What to produce: Nothing but the lines below from the one that contains "Gloria Rickett Memorial Scholarship" through the one that contains "1 x VILLARI" should be retyped, exactly and including both ends. Do not include pictures.

Dataset:
___
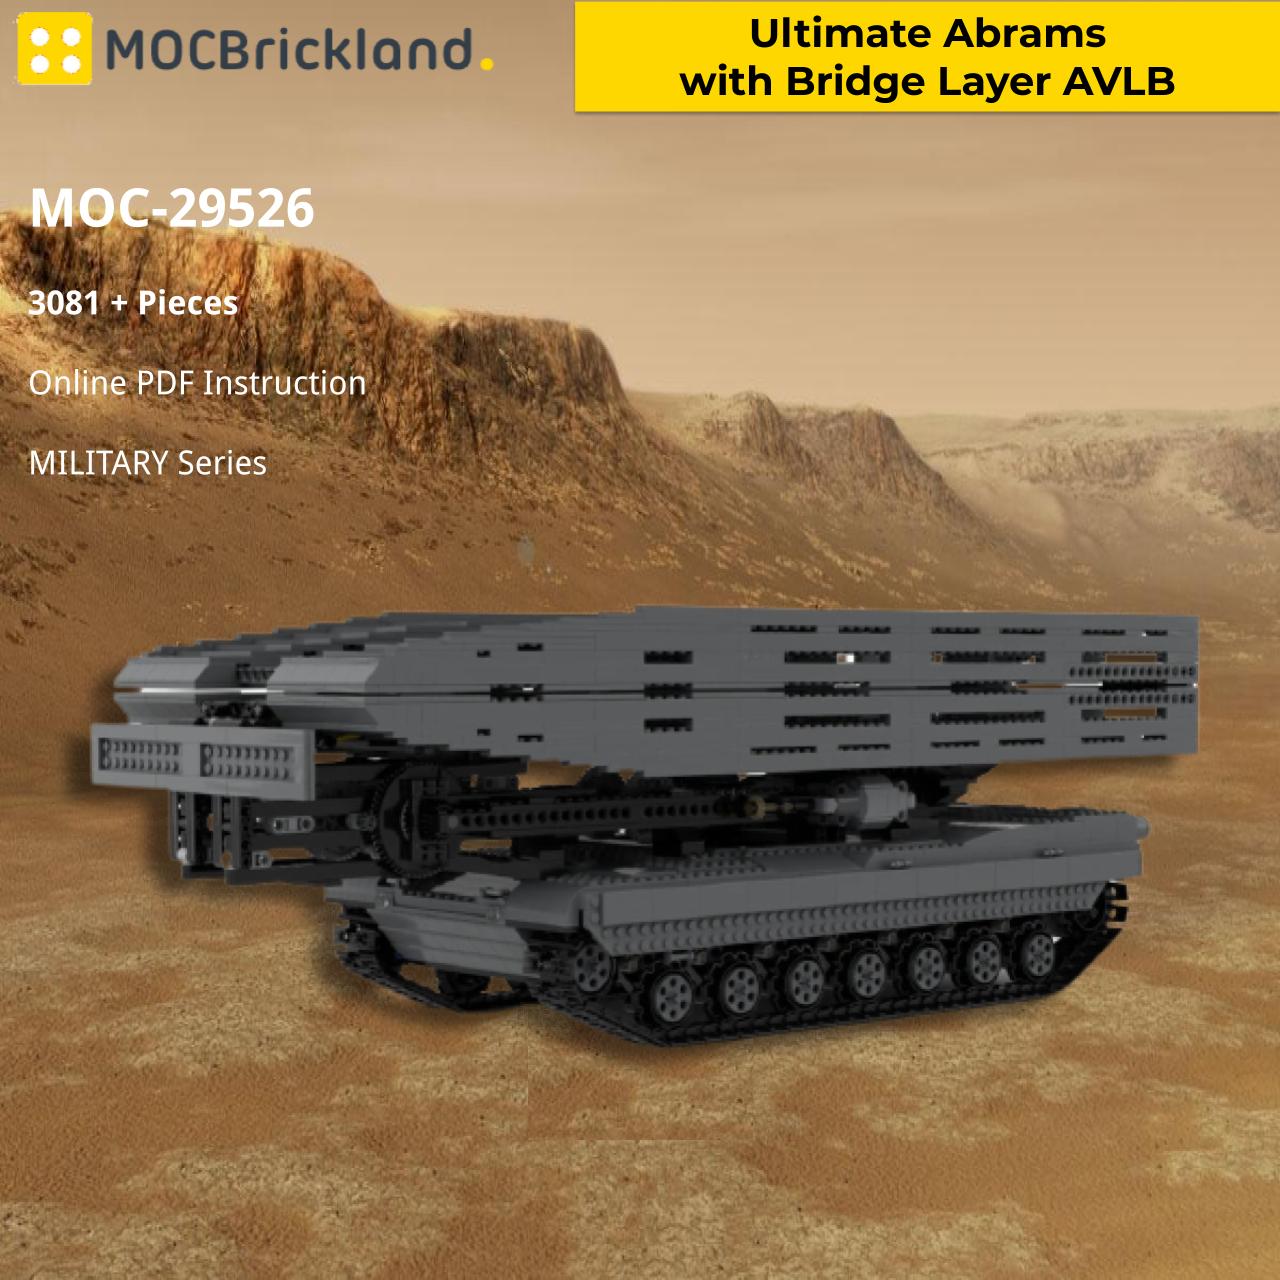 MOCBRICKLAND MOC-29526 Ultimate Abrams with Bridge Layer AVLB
___
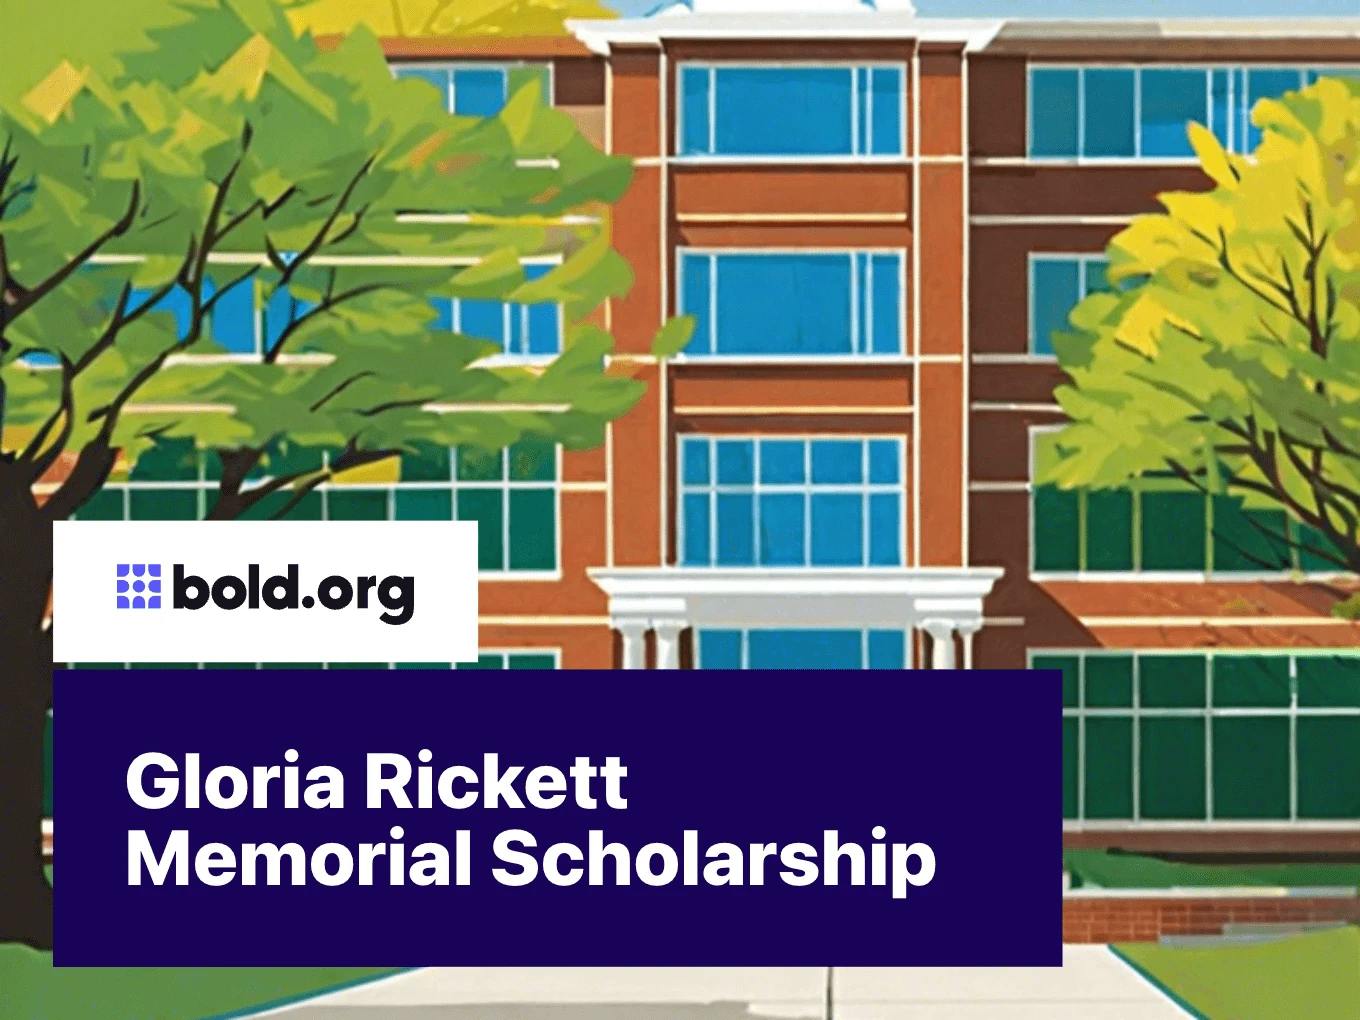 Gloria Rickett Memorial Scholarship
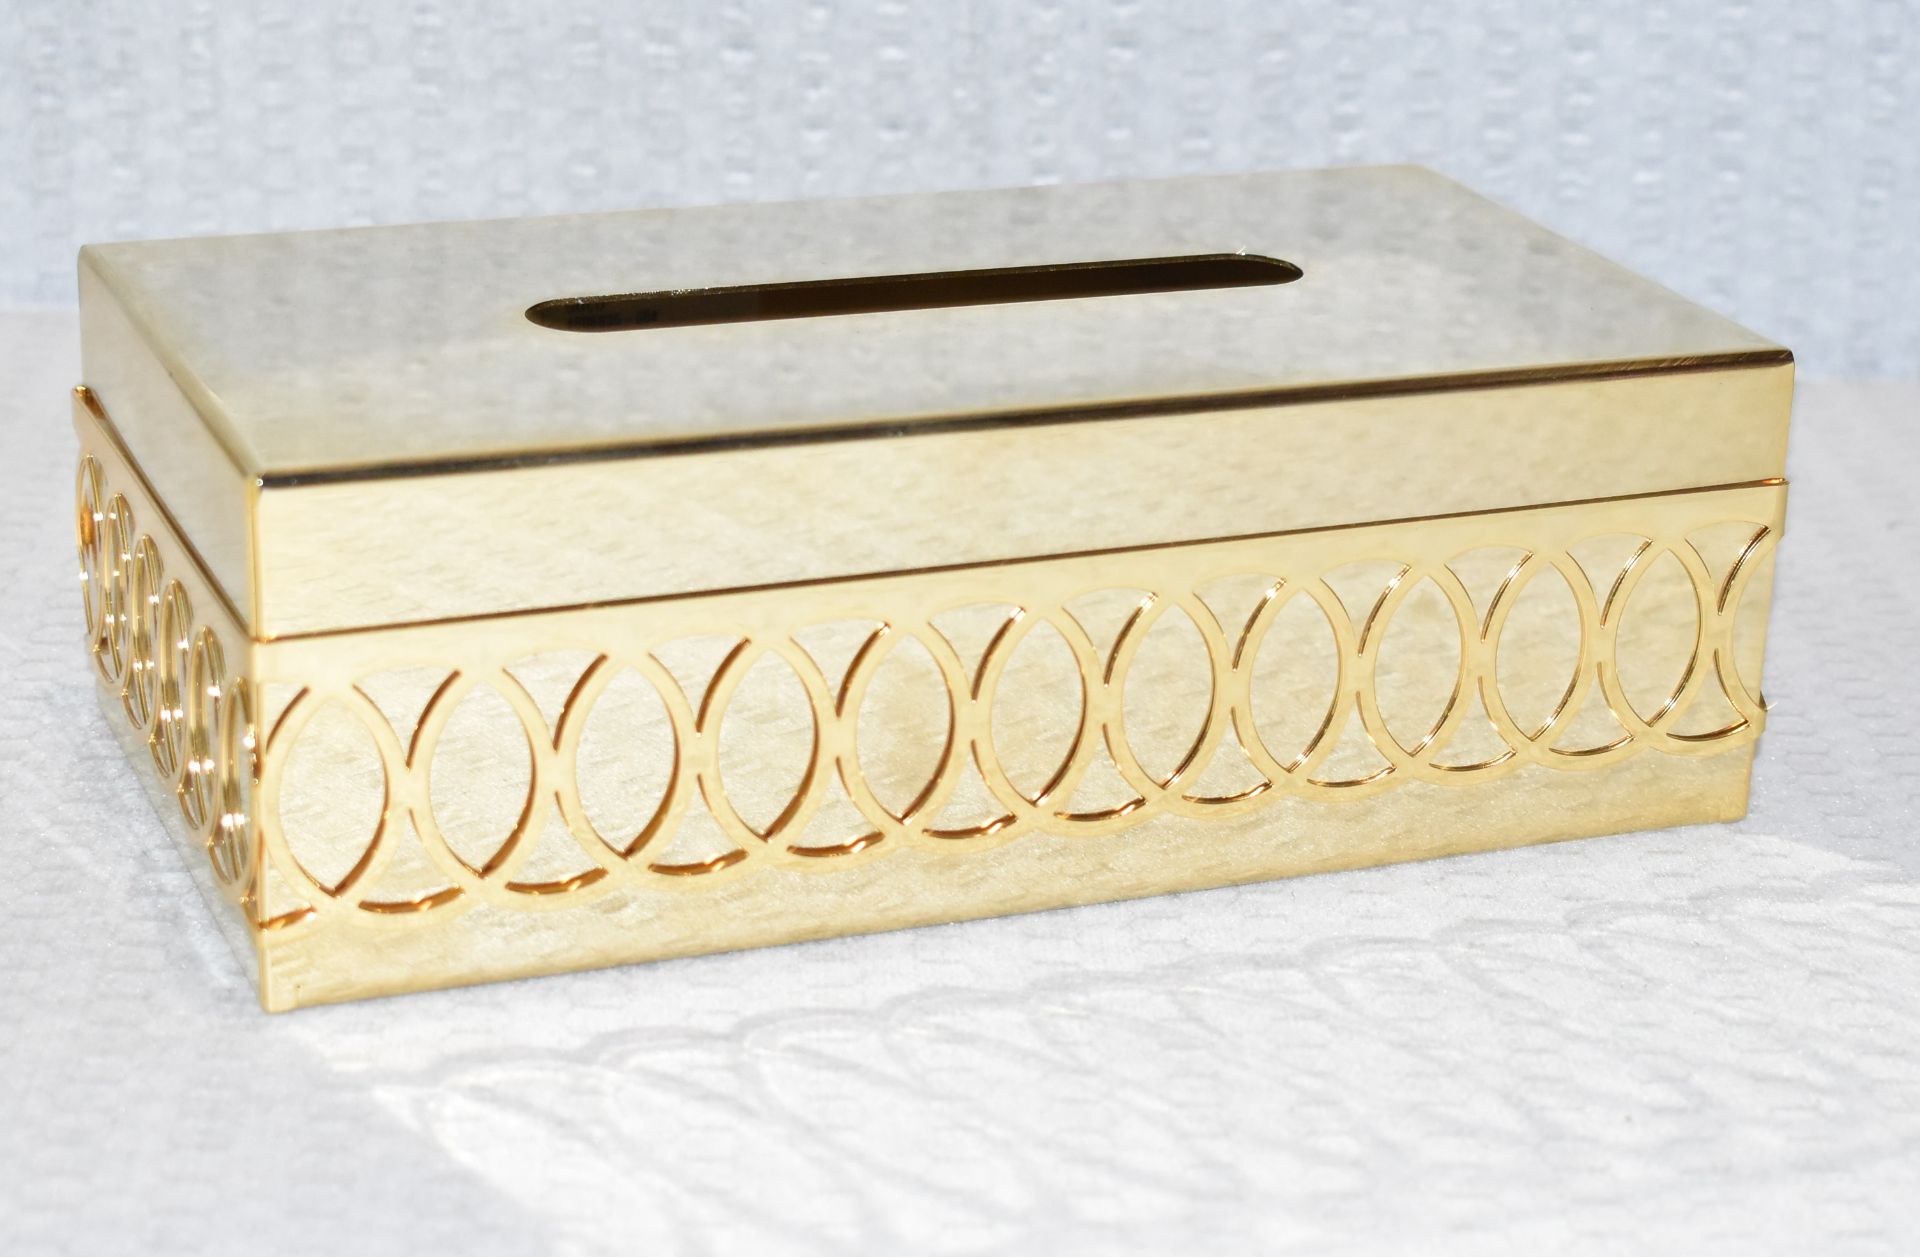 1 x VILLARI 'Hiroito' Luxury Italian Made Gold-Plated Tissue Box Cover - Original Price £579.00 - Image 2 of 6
___
Response:
 Gloria Rickett Memorial Scholarship
 1 x VILLARI 'Hiroito' Luxury Italian Made Gold-Plated Tissue Box Cover - Original Price £579.00 - Image 2 of 6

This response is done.